# Сайт > Главный раздел >  Набор журналистов

## JAHolper

Сайту нужны журналисты, которые будут добавлять новости.
Как добавлять объясню. Кому это интересно и есть желание добавлять хотя бы одну новость в неделю - пишите. Новости на совершенно любую желаемую тематику.

Так же, любой пользователь может писать на форуме в определённых разделах интересные новости, которые затем могут быть перенесены в раздел новостей сайта.

Сразу замечу что не нужны новости тупо скопированные с других сайтов. Лучше новость будет написана своими словами в двух предложениях, чем скопирована целая статья.

----------


## Vanya

> Сразу замечу что не нужны новости тупо скопированные с других сайтов. Лучше новость будет написана своими словами в двух предложениях, чем скопирована целая статья.


будет много отсебятины и не каждый сможет написать нормально даже 2 предложения)))

----------


## JAHolper

Ну вот будут учиться. =)

----------


## Mr_Vinni

А я буду зачищать -_- ну и Ванька поможет)

----------


## Carlen

А будет отдельная рубрика "Новости" или как...??

----------


## JAHolper

Собственно она здесь.

----------


## Carlen

> не нужны новости тупо скопированные с других сайтов.


Это правильно, но где же простой обыватель, пользователь, даже пусть и не простой, раздобудет НОВОСТЬ, чтобы сообщить ее здесь

----------


## Carlen

Перескажет прочитанное где-либо? Или расскажет об услышанных слухах? Но это все не новости, я так полагаю необходима достаточно свежая и достоверная информация. А это уже профессиональная журналистика.




> будет много отсебятины и не каждый сможет написать нормально даже 2 предложения)))


Так ведь не каждый и будет писать новости... А про правильно написанные два предложения - это нехорошо так о людях думать...

----------


## JAHolper

Да, можно просто почитать новость на любом сайте или увидеть что-либо по телевизору и передать это своими словами.
В наше время писать новости опубликованные другими источниками вполне распространённая практика в интернете. Взять тот же известный TUT.BY, на нём очень мало собственных новостей, всё публикуется со ссылками на другие источники. В любом случае во все времена в СМИ будет много непроверенной информации, на этом строятся рейтинги.
Тем более, есть официальные источники, передача информации с которых совсем не будет являться "недостоверной".

----------


## Carlen

Убедил.
Наверное, и надеюсь на форуме появятся журналисты-самоучки, которые ничем не хуже так называемых профи.

----------


## SDS

Журналист в мире - дорогая и достойная профессия.

----------


## Vanya

> А про правильно написанные два предложения - это нехорошо так о людях думать...


не хорошо, но ведь так оно и есть  щас даже не в каждой газете сами пишут - копируют. работал, знаю

----------


## Carlen

> не хорошо, но ведь так оно и есть  щас даже не в каждой газете сами пишут - копируют. работал, знаю


Копировать не означает отсутствие умения правильности написания двух и более предложений в одном тексте.
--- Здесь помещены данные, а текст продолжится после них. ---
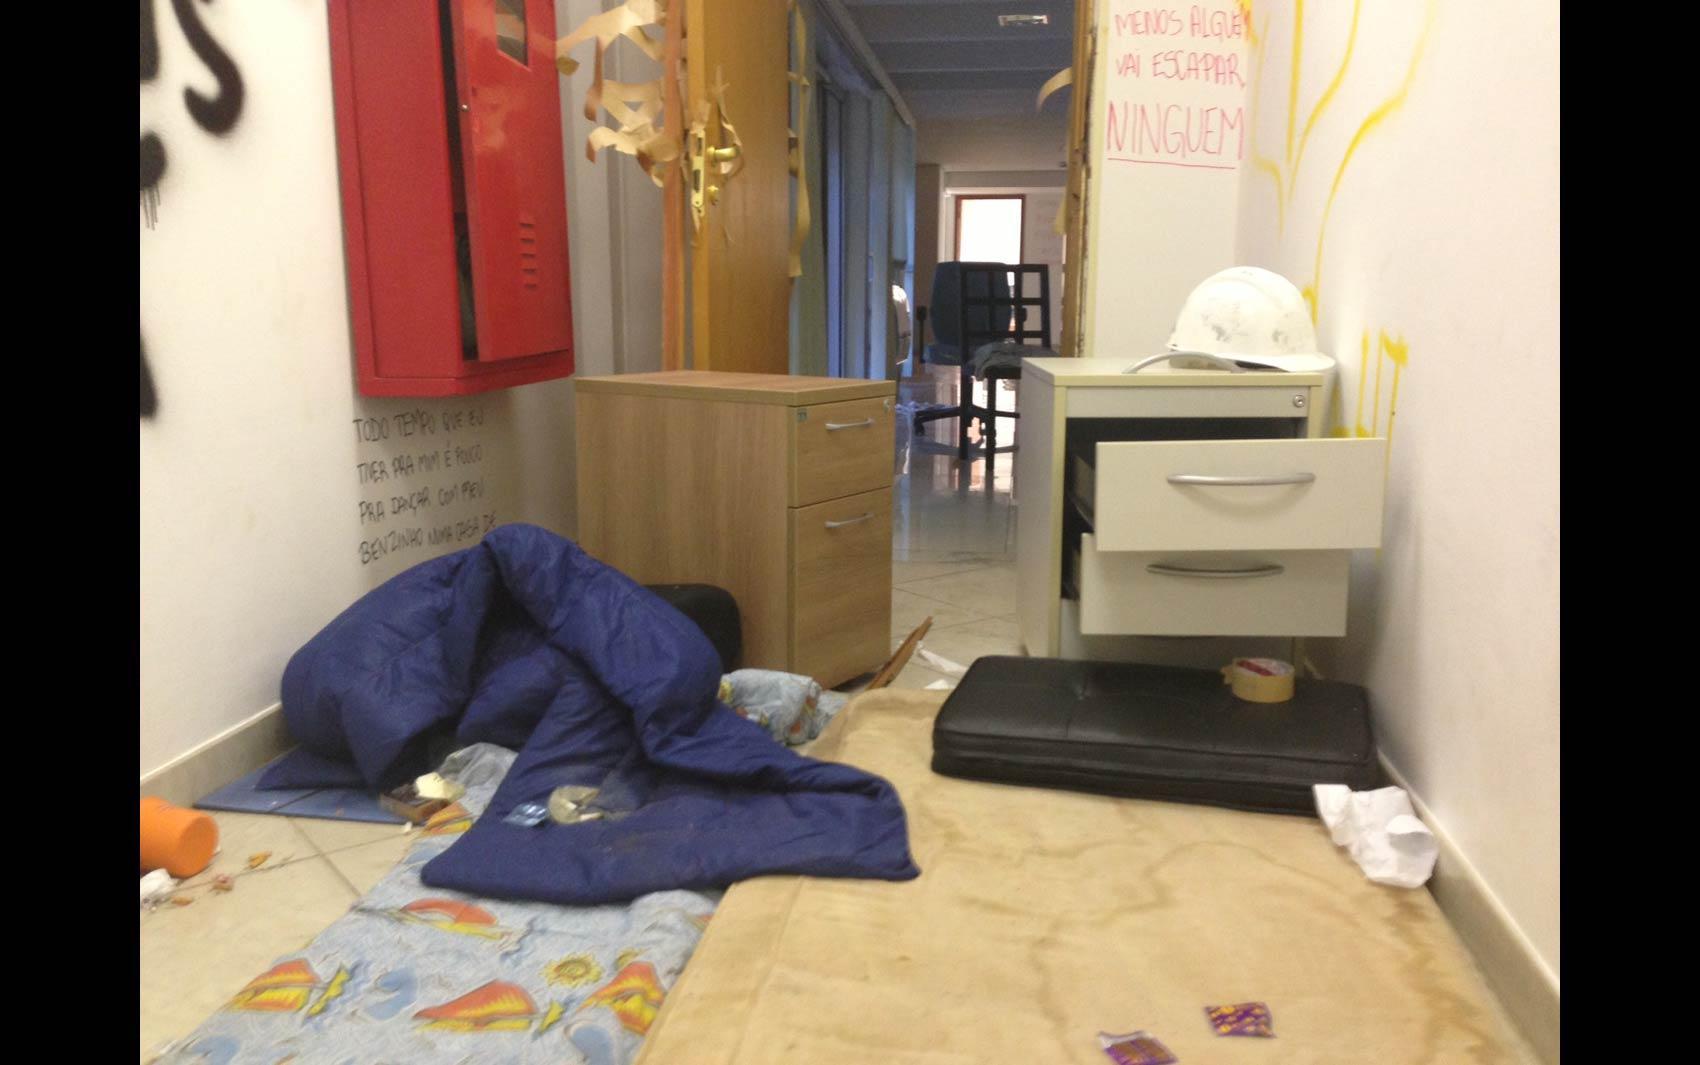 Pacotes de camisinha são vistos sobre colchões e coberta em um quarto da Reitoria que teve paredes pichadas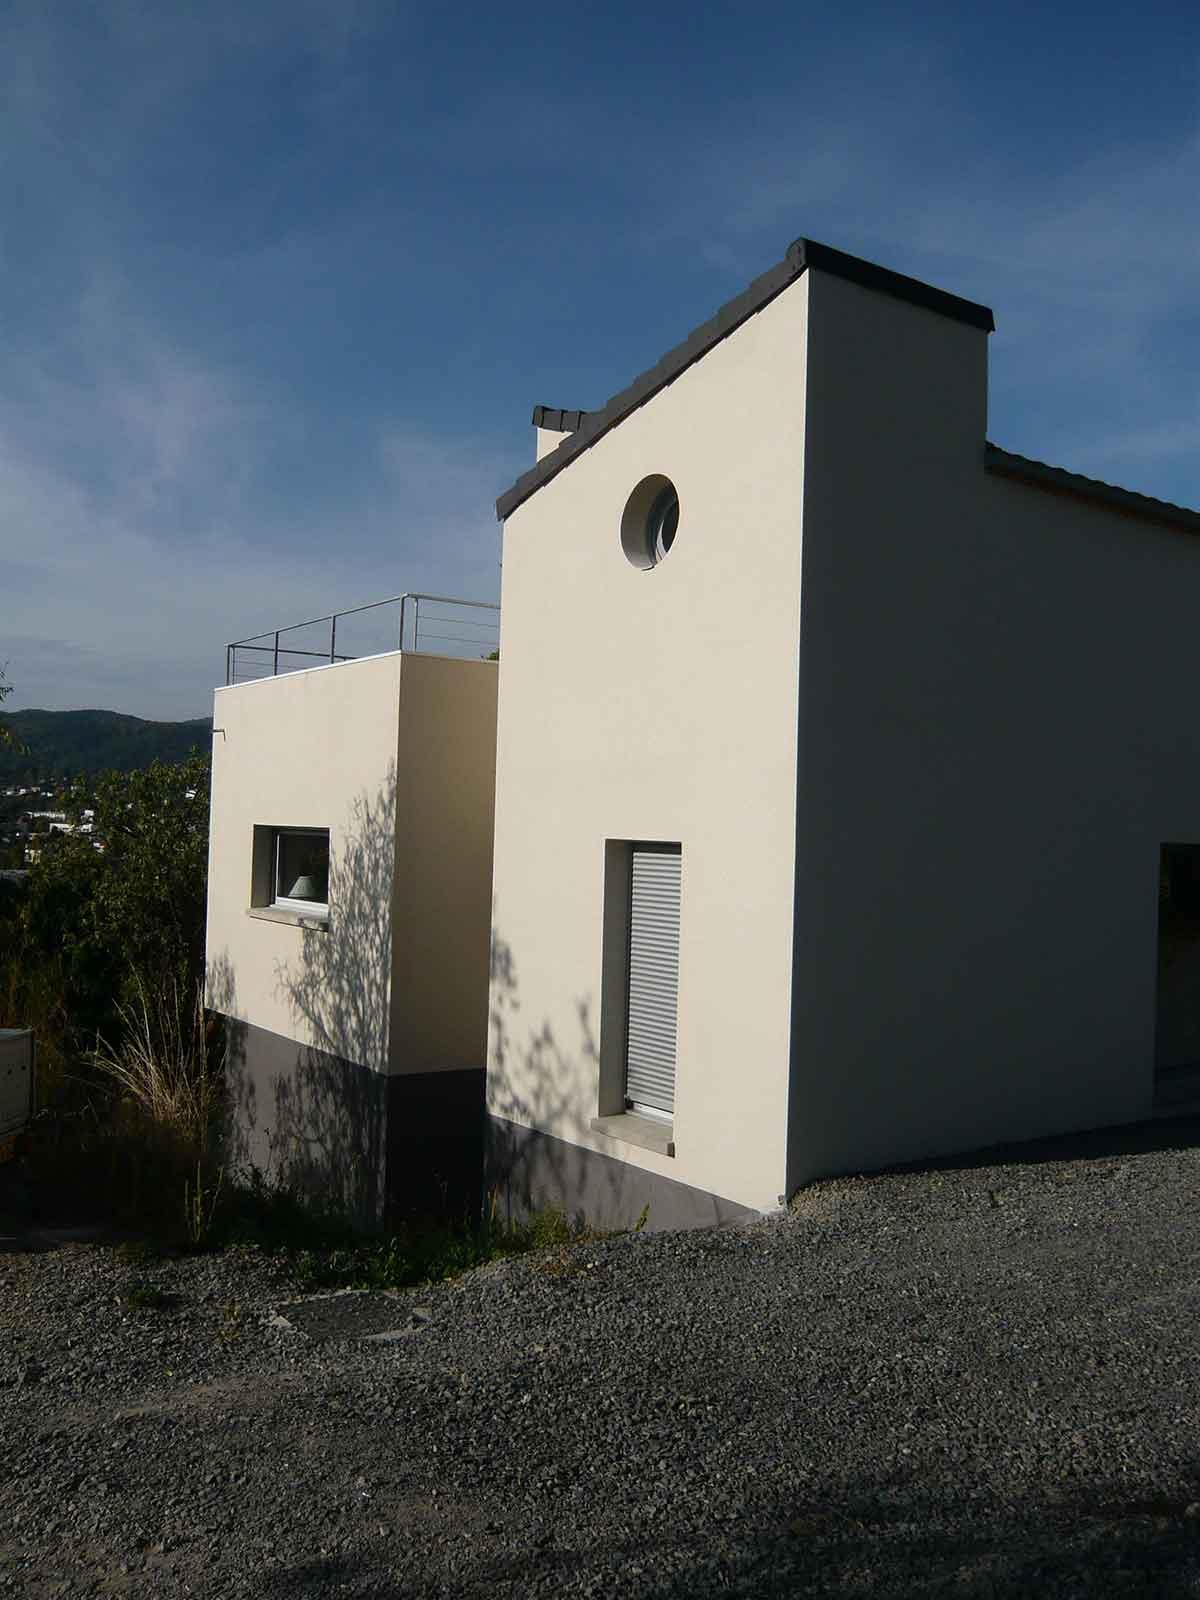 Pignon de la maison de Clermont Ferrand

Скорее это означает либо отсутствие актуальных доступных новостей разрешенных в этой местности, либо нежелание или неумения их видеть...
И уж если Вы работали в редакции газеты, то слово "щас" у Вас явно профессиональное. ))

----------


## JAHolper

Если кто вдруг не понял, то это не оплачивается. Но из всего можно извлечь пользу.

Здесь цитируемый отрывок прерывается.